(ENTRIES SUPPLIED)

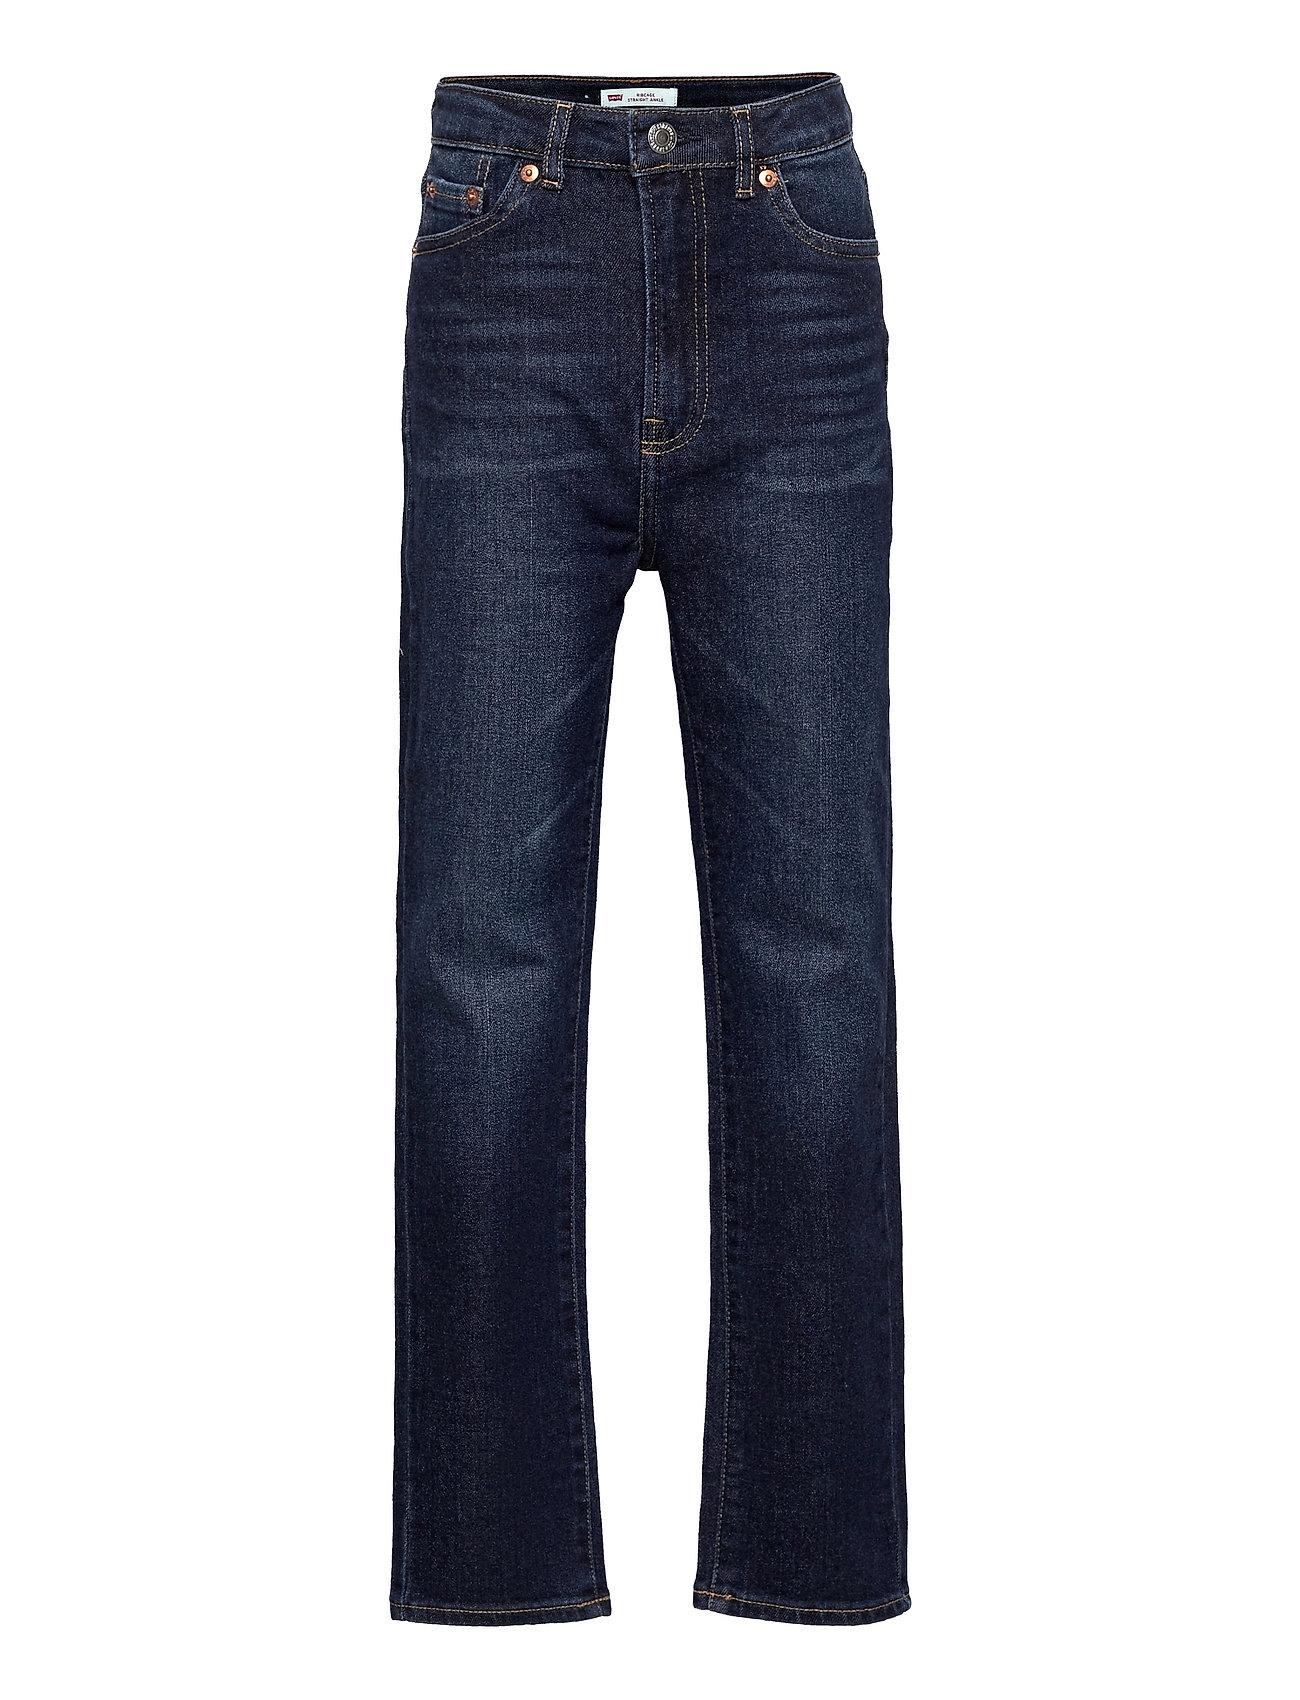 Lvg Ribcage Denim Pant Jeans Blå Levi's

(End ENTRIES SUPPLIED)
(ENTRIES SUPPLIED)

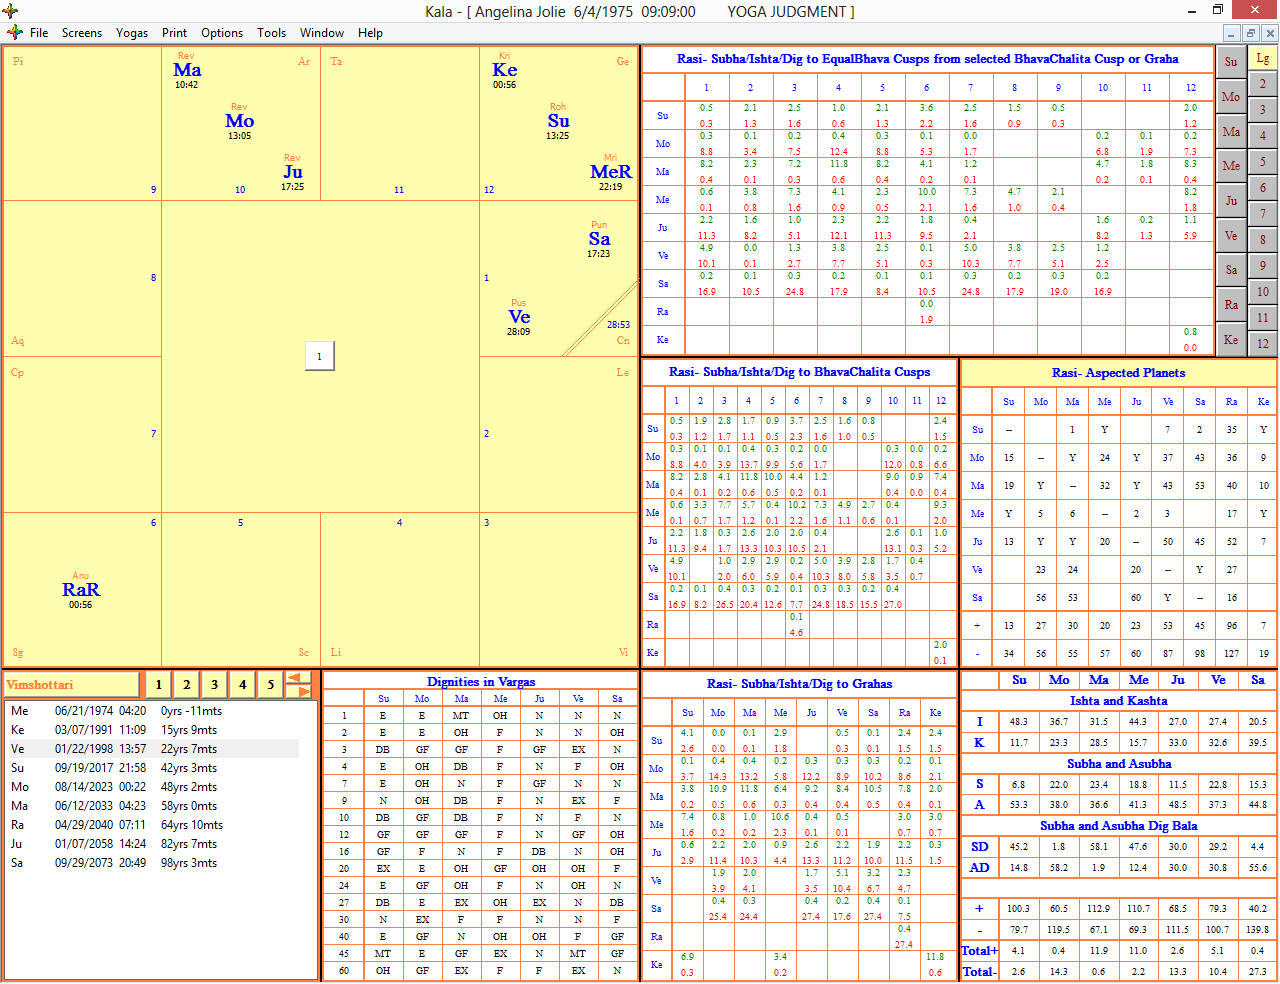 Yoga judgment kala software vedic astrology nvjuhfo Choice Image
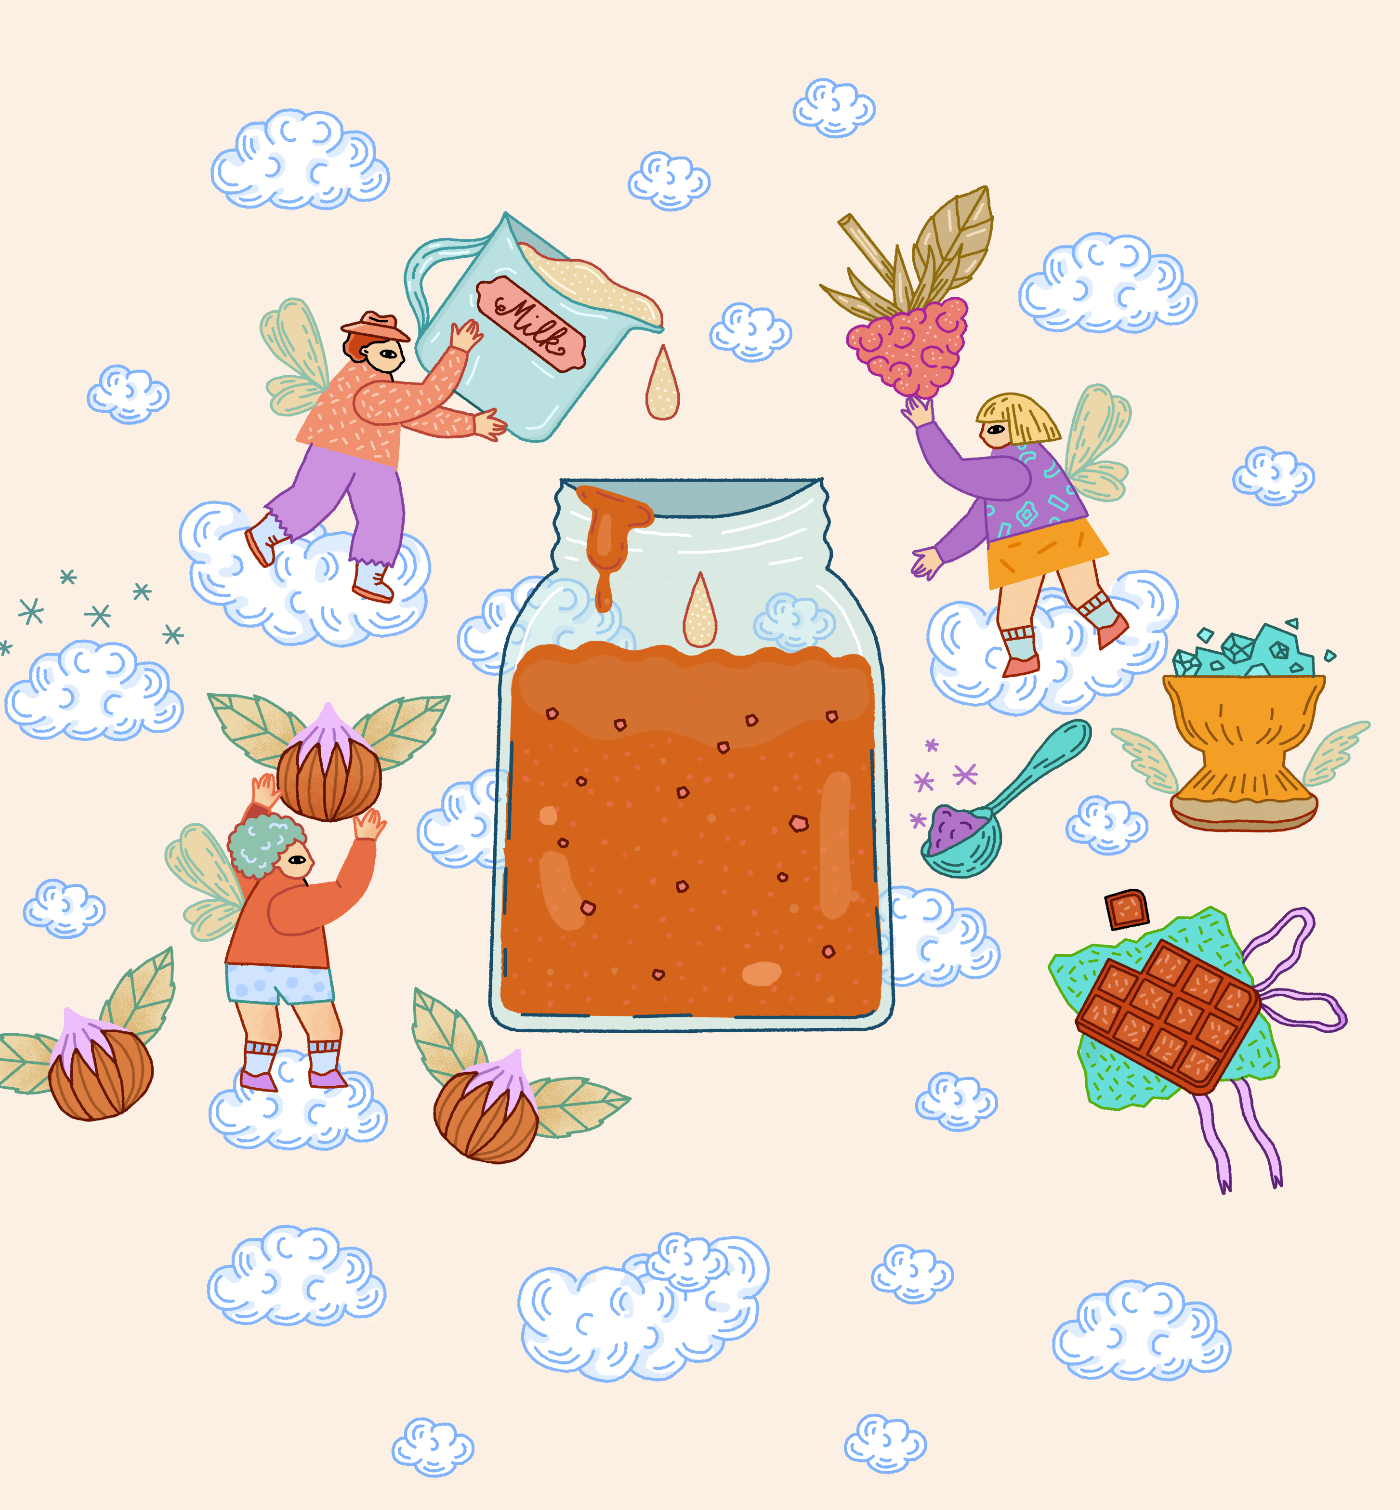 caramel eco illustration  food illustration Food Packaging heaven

(End ENTRIES SUPPLIED)
(ENTRIES SUPPLIED)

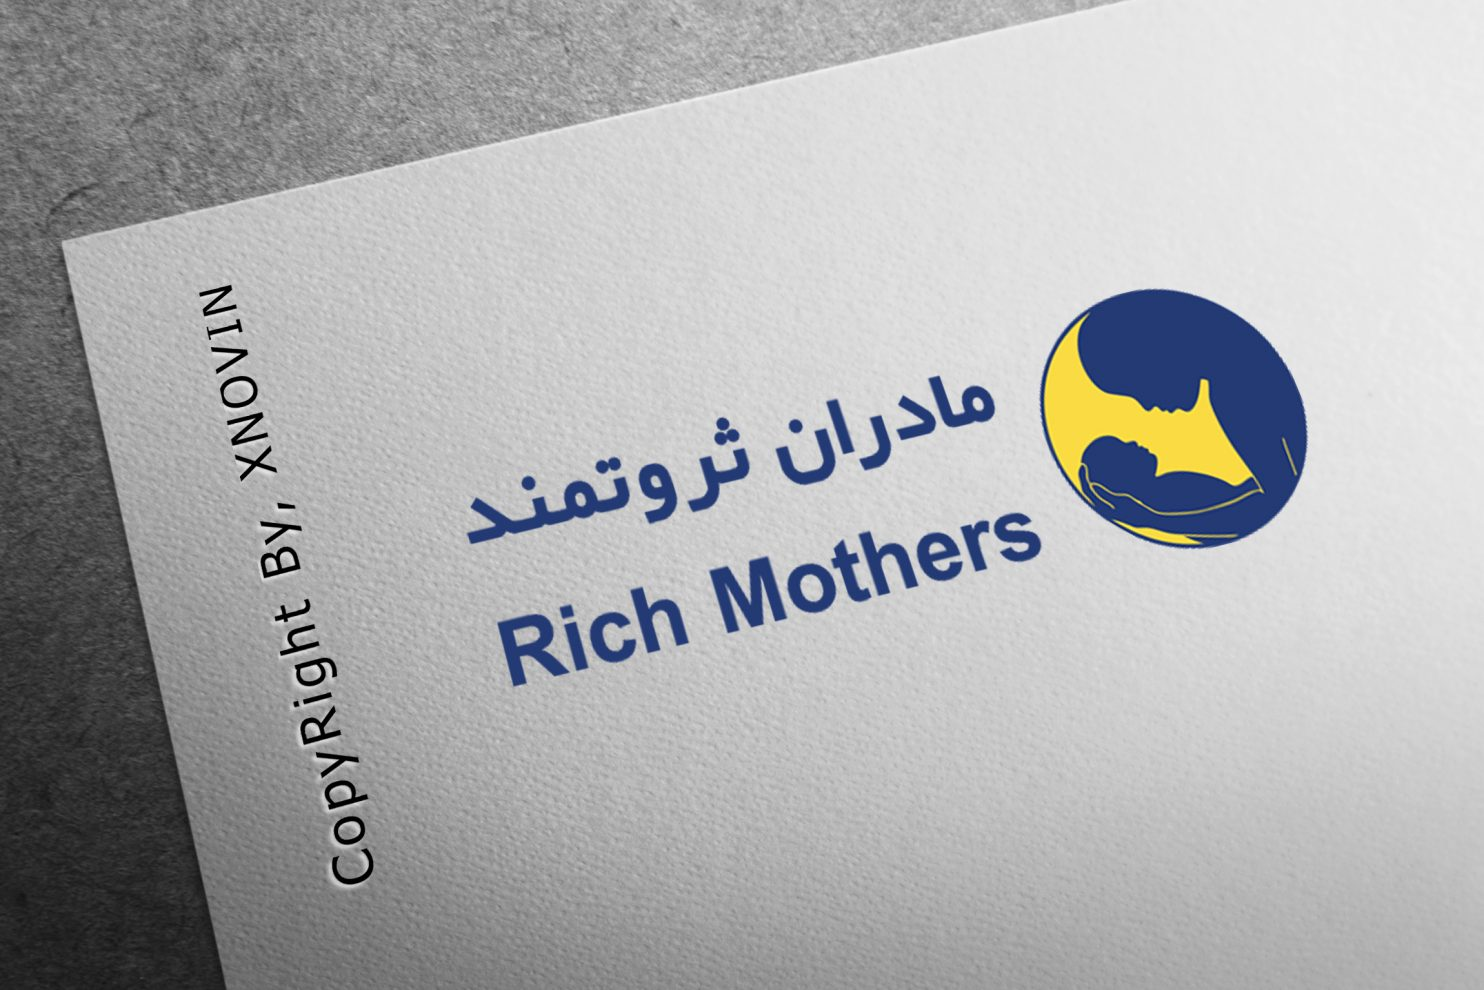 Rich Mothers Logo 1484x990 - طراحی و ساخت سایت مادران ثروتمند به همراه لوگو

(End ENTRIES SUPPLIED)

* _ACTIVITY_: Everything between and including the line above containing "Yoga judgment kala" and the line containing "caramel eco illustration" should be reproduced exactly, with pictures excluded.

* _EXERCISE RESULT_:
 Yoga judgment kala software vedic astrology nvjuhfo Choice Image
 caramel eco illustration  food illustration Food Packaging heaven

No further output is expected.